Archived
This forum has been archived. Please start a new discussion on GitHub.
Multiple threads smashing the stack
in Help Center
I'm currently hunting an elusive bug and have cornered it in a small portion of code where it looks like one Ice thread is smashing the stack of another Ice thread.
Until "adapter->activate();" is called (see the code below) the process is single-threaded.
After "adapter->activate();" is called a number of Ice threads are started, with one working and the rest waiting in a semaphor. This is still as I expected.
When GameClientConnPrx::uncheckedCast() is called however, an extra active Ice-thread shows up shortly, giving me a total of two active Ice-threads for a short while.
I would have expected that only one Ice-thread would be active at any given moment, with the rest waiting in a semaphor.
When the last line (::GameClient::MasterServerPrx::checkedCast(base)) is executed I again have two active Ice-threads, but this time the stack looks broken (I can reproduce it most of the time, but it does seem dependent on timing between threads).
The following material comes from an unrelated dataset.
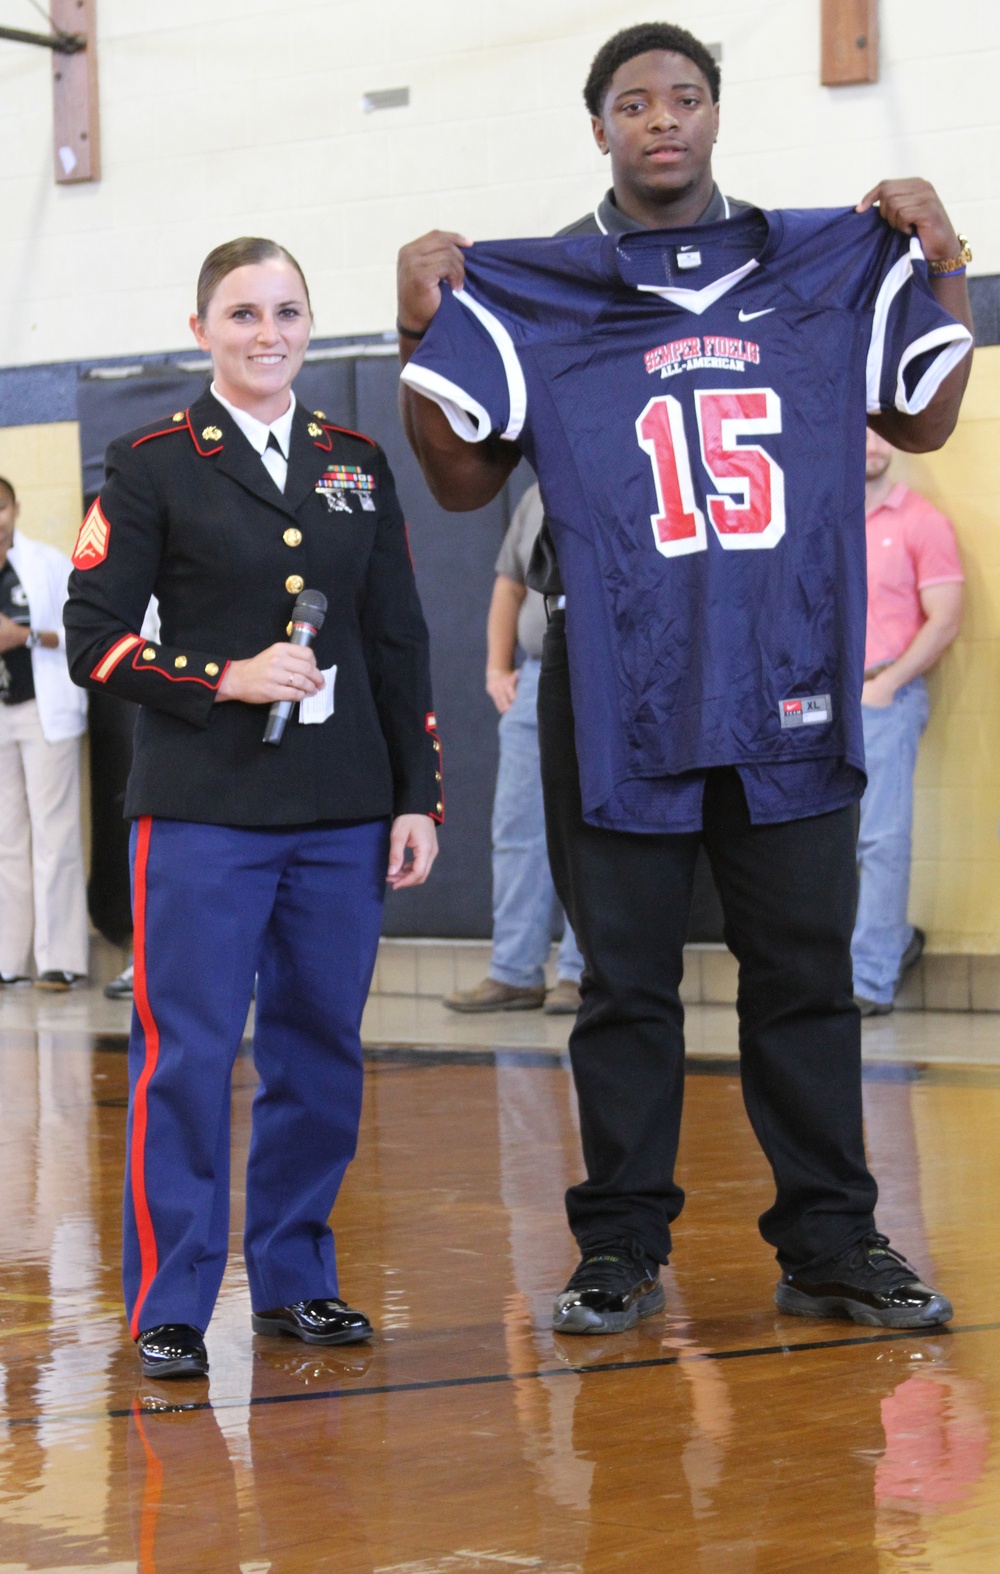 Dadeville student selected for national bowl game

In the stack (see stackdump below), a variable "void * pUserData", which is passed unmodified from "free()" to "_free_dbg()", has changed value from one stackframe to the next.
Also, if I read the code correctly the next stackframe after "msvcr71d.dll!_free_dbg()" should be "msvcr71d.dll!_free_dbg_lk()", not somewhere in "mswsock.dll".
This looks like something smashed the stack.
Am i misusing the Ice library by calling Ice functions (checkedCast() and such) from the main thread after starting "adapter->activate()"?
If so, then how do I interact with the Ice from my main thread?
(The main thread run a single-threaded graphics engine).
The relevant portion of code looks like this:
main() {
<< Initializing qube 3D system and loading Q-databases >>
<< calling initIceLocal()>>
[...]
}
void GameContext::initIceLocal() {
properties = Ice::Application::communicator()->getProperties();
initIceFactories();
Ice::Identity ident = Ice::stringToIdentity("GameClient_"+IceUtil::generateUUID());
connection = new GameClientConnImpl();
adapter = Ice::Application::communicator()->createObjectAdapter("GameClient");
adapter->add(connection, ident);
adapter->activate();
thisProxy = GameClientConnPrx::uncheckedCast(adapter->createProxy(ident));
string masterServerProxy = properties->getProperty("GameClient.MasterServer");
Ice::ObjectPrx base = Ice::Application::communicator()->stringToProxy(masterServerProxy);
masterServer = ::GameClient::MasterServerPrx::checkedCast(base);
}
***** Begin Threads at the end of initIceLocal() ******
3752 main GameContext::initIceLocal Normal 0
2336 _threadstartex std::_Tree<std::_Tmap_traits<unsigned int,IceInternal::Handle<IceInternal::EventHandler>,std::less<unsigned int>,std::allocator<std::pair<unsigned int const ,IceInternal::Handle<IceInternal::EventHandler> > >,0> >::_Buynode Normal 0
3880 _threadstartex IceUtil::Semaphore::wait Normal 0
2148 _threadstartex IceUtil::Semaphore::wait Normal 0
232 _threadstartex IceUtil::Semaphore::wait Normal 0
2372 _threadstartex IceUtil::Semaphore::wait Normal 0
2540 Win32 Thread 7c90eb94 Above Normal 0
3744 _threadstartex _free_dbg Normal 0
***** End Threads at the end of initIceLocal() ******
***** Begin stack of thread 3744 (_free_dbg) ******
ntdll.dll!7c90eb94()
ntdll.dll!7c90e9c0()
mswsock.dll!71a53ca5()
ntdll.dll!7c90d8ef()
mswsock.dll!71a55fa7()
msvcr71d.dll!_free_dbg(void * pUserData=0x00000000, int nBlockUse=0x00000001) Line 1070 + 0x1c C
msvcr71d.dll!free(void * pUserData=0x71aa150c) Line 1025 + 0xb C
05f2e5f0()
ws2_32.dll!71ab2e67()
ice21d.dll!IceInternal::ThreadPool::run() Line 342 + 0x1c C++
ice21d.dll!IceInternal::ThreadPool::EventHandlerThread::run() Line 813 + 0x1c C++
iceutil21d.dll!startHook(void * arg=0x053fb718) Line 203 + 0x1d C++
msvcr71d.dll!_threadstartex(void * ptd=0x053fb8a8) Line 241 + 0xd C
kernel32.dll!7c80b50b()
kernel32.dll!7c8399f3()
***** End stack of thread 3744 (_free_dbg) ******
Regards,
Richard Jørgensen
(Programmer at Runestone Game Development).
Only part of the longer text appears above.